The Pre-Raphaelite Brotherhood was a group of artists in the mid -19th century who eschewed the current trends in art and the increasing industrialization of production, and consciously turned to older styles of painting and imagery – hence dubbing themselves ‘pre’ the painter Raphael (1483-1520). Many of their works, created in the last half of the 19th century harked back to a quieter medieval milieu and a mythical forested, European setting. They marked their paintings with a small PRB logo in the corner. They came to the attention of the wider public through their illustrations of Tennyson’s poetry which was itself steeped in the mythological realm. Reproductions of their works were circulated throughout the Empire, with the Maitland Mercury noting on 26 September 1885 that a reproduction of Holman Hunt’s “The Shadow of Death” on show in a shop window had formed the basis of the local vicar’s “very eloquent” sermon.

An unusual window display for Maitland - Holman Hunt's 'The Shadow of Death'. I wonder what they were advertising?

An unusual window display for Maitland – Holman Hunt’s ‘The Shadow of Death’. I wonder what they were advertising?

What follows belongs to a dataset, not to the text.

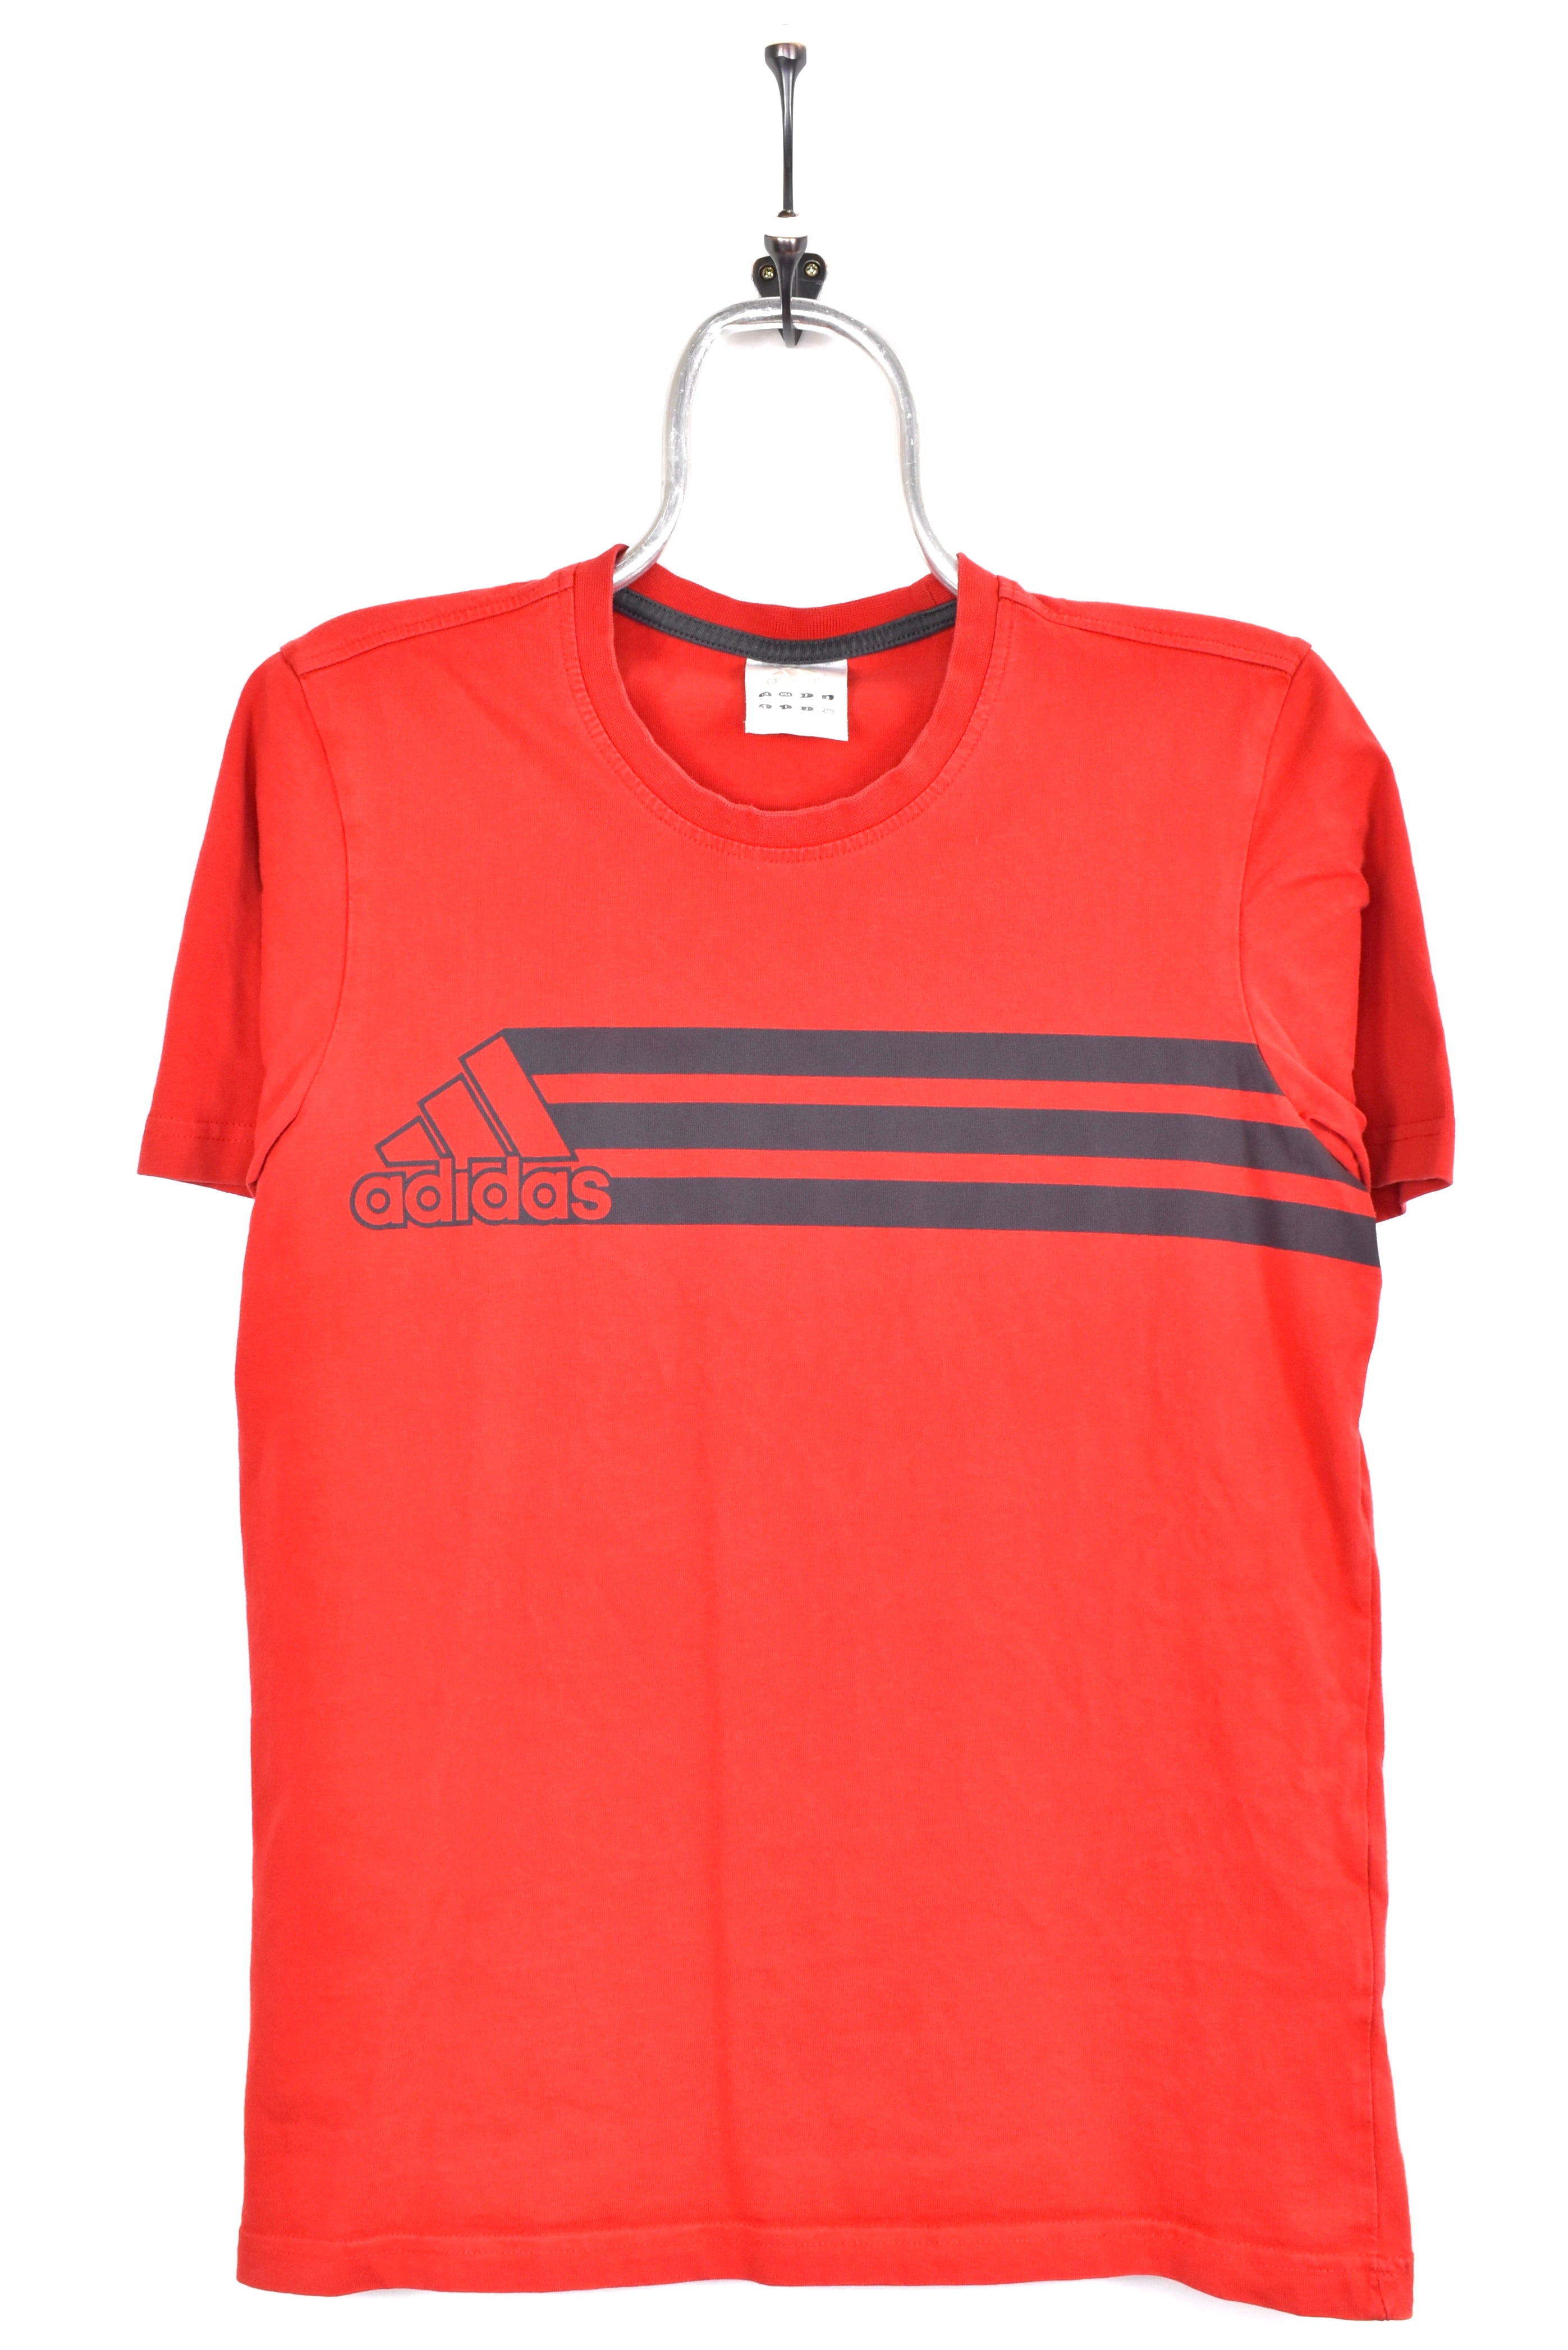 Modern Adidas shirt, red graphic tee - AU S ADIDAS
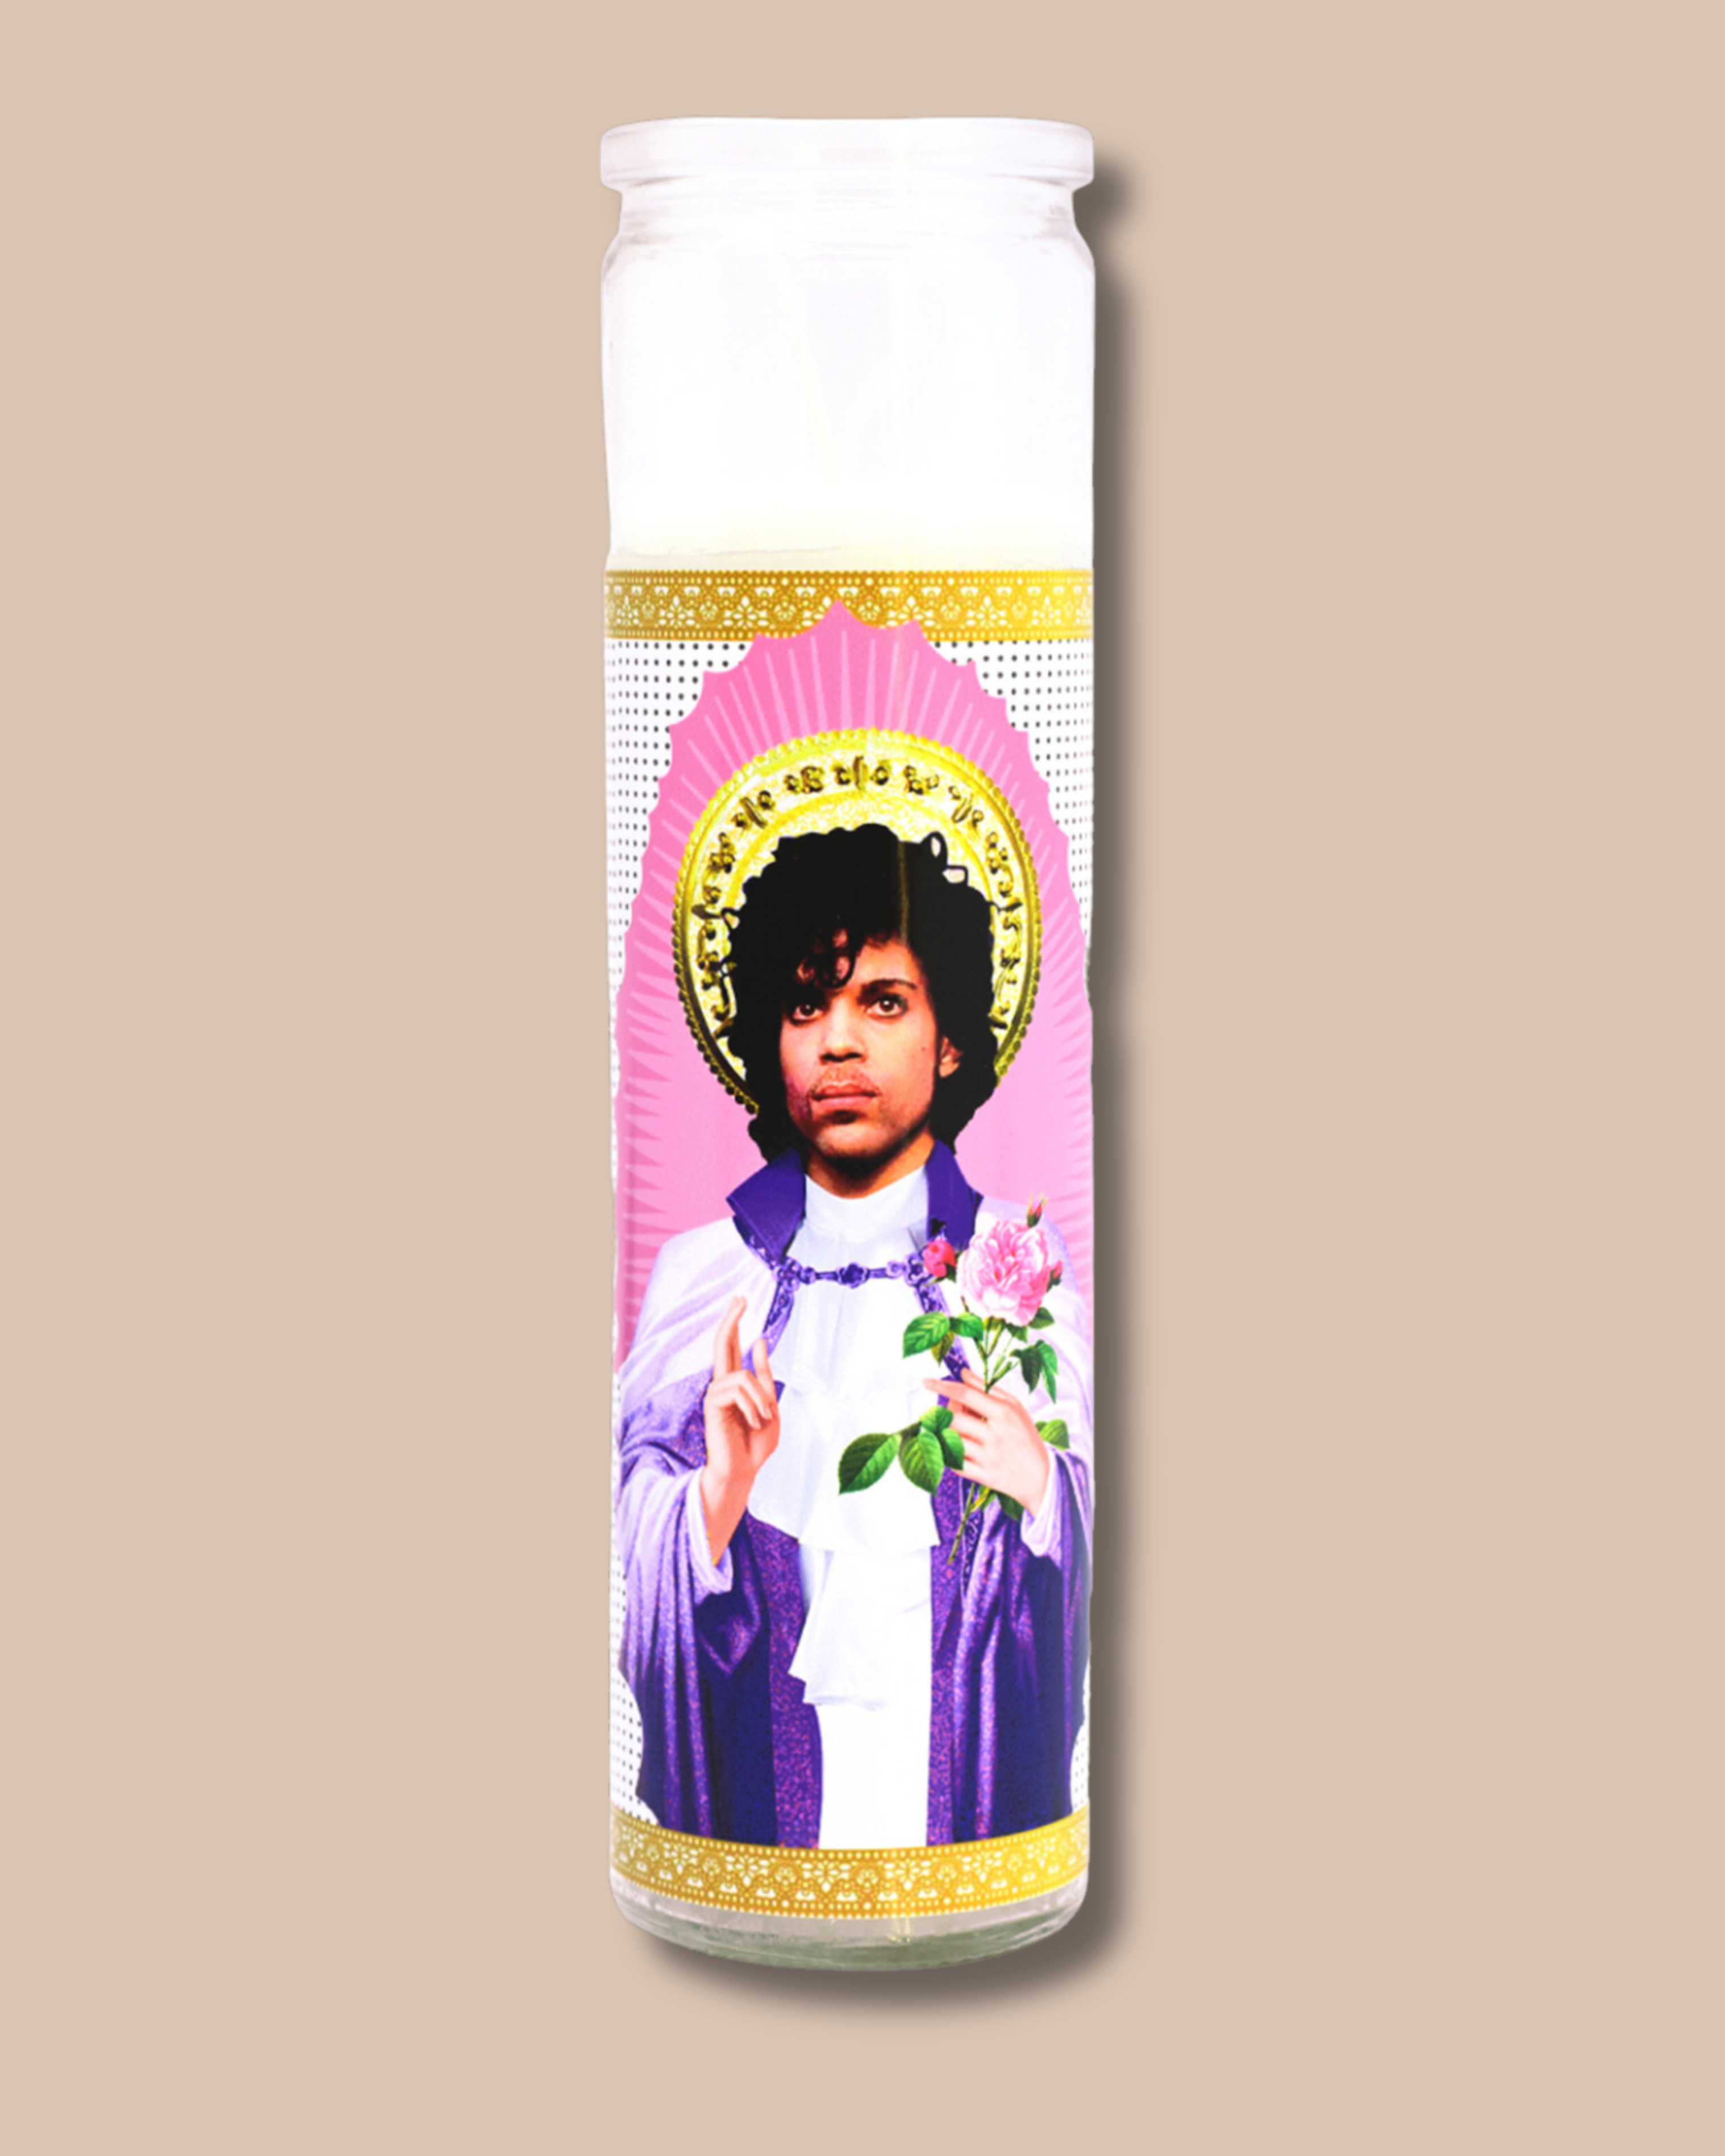 Prince Celebrity Prayer Candle

When we were in Birmingham we heard a lecture about Lizzie Siddal, whose long red hair and pale, thin features adorn many of these paintings, and she (and others visually similar to her) can be found in several of these paintings. As well as paintings and sketches for paintings, there are woodcuts, furniture, photographs, book bindings and wallpaper produced by the PRB, marking the extension from painting into the decorative arts and production methods, especially through William Morris’ influence with his company, Morris & Co.  Men predominate, of course, but there are photographs by Julia Margaret Cameron

We downloaded a PDF of the wall-panel labels used in the display before visiting, which I thought would be a good way of avoiding having to cluster up close to the painting, squinting at writing in the dark before moving back to view the picture. Unfortunately there seems to be no order at all to the PDF- or at least, I couldn’t detect it, and it seemed to be completely unrelated to the layout of the exhibition. A good idea poorly executed.

All-in-all, it’s a lovely little exhibition that reminds us of the riches that the Felton Bequest has brought to Victoria.